Philip Shaw, Chief economist, Investec

There are likely to be further falls before the end of the year. The market is taking far too bullish a view on domestic cyclical stocks like general and food retailers, and the leisure sector – basically, all those dependent on consumer spending. Resource stocks are also looking well overvalued. Whether we are in a technical bear market or not, the falls we have seen this year are still worryingly large.

The UK economy is pretty close to recession, and there is a 50:50 chance of it hitting a technical recession by the end of the year. So far, the market hasn't been factoring in that possibility, but if it does happen there will be further falls to come.

Ian Stewart, Director, Deloitte

What is clearly happening is that problems in the banking sector are being increasingly transmitted to companies because the supply of credit is tighter and interest rates are higher. Banks are searching for liquidity and looking to offload their debts. That has translated into a hit on the corporate sector, especially the consumer-facing groups.

The wider economy is slowing, while inflation is rising and the potential for higher interest rates is real. The brief rally in May has now played out. Historically, asset bubbles take a long time to deflate, they don't actually burst overnight. Judging by that, the signs aren't great.

Khuram Chaudhry, Quantitative strategist, Merrill Lynch

Fundamentally, I am quite negative on the economy and the direction of the stock market. Although there will be some bounces along the way, there won't be the return of a bull market any time soon. The key is to enter back into the market when sentiment becomes depressed; it appears there could be some lift in the near future. I can see a near-term bounce as company directors have increased share-buying. It is quite a good indicator.

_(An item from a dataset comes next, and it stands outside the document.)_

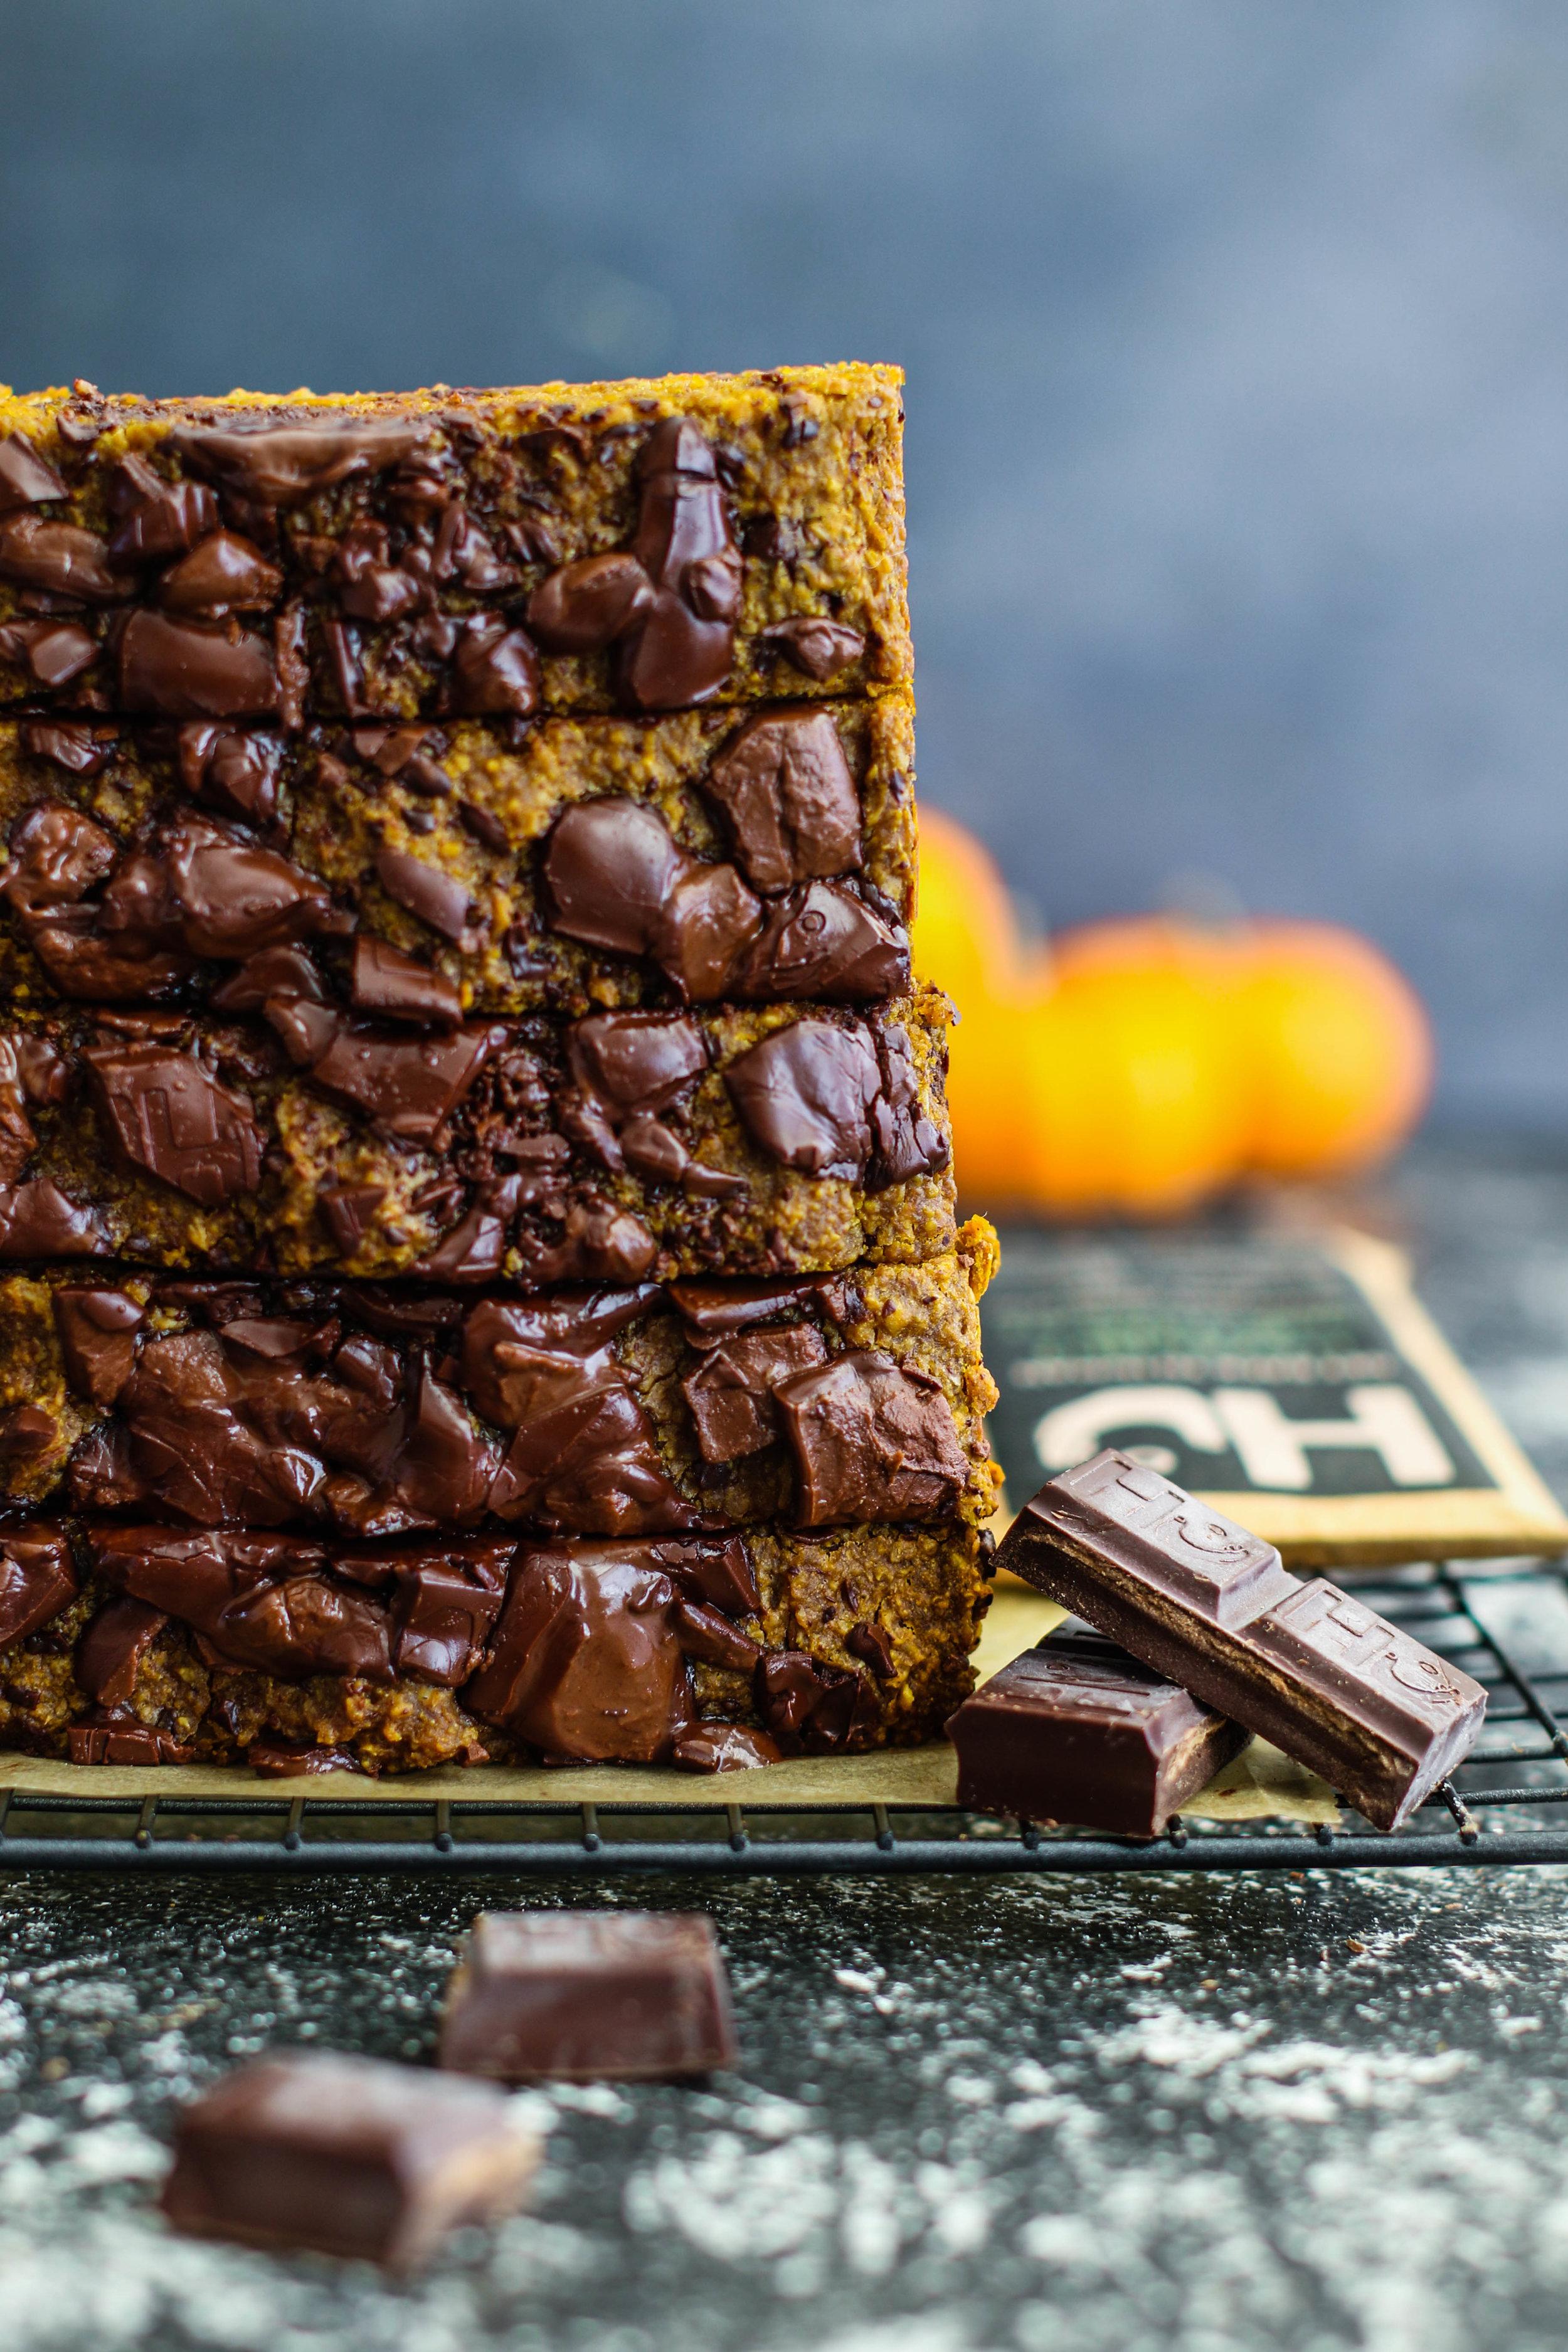 Hu-Chocolate-Vegan-Gluten-Free-Pumpkin-Chocolate-Chunk-Bread-1.jpg

As the fears of rising inflation have grown, the market became more complacent about the downside risks of growth. Now investors are starting to address those risks. Still, this is not a good situation. Growth is slowing, inflation is rising and profit expectations are falling, which will have an adverse effect on the stock markets. However, the real global risks are coming next year. Analysts' estimates for 2009 appear too high, because Asia and the emerging markets will begin to slow more rapidly, having a knock-on effect in Europe.

Roger Bootle, Chief economist, Capital Economics

I suspect the market will remain rather weak and will get worse towards the end of the year. The market hasn't yet factored in the seriousness of the situation it faces, with weakness in the retailers, banks and housebuilders. It will remain subdued for a year or two. Next year will be the worst, but there should be the start of a slow recovery by 2010.

Howard Archer, Chief economist, Global Insight

We are cutting our growth forecasts further, and we now have the British economy on a "stagnant" rating. Consumer spending is slowing. In the first quarter of the year the numbers were resilient and then there was a rise in May, which was a surprise. There is likely to be a correction in June, as consumers reign in their spending this year.

It also looks as if many companies are cutting back on their investment plans. This is not surprising as credit conditions tighten and the outlook weakens. There were hopes that the weakening pound might help make exports more competitive but, at the same time, demand from the key markets in the US and the eurozone is falling. It is hard to see where growth is going to come from.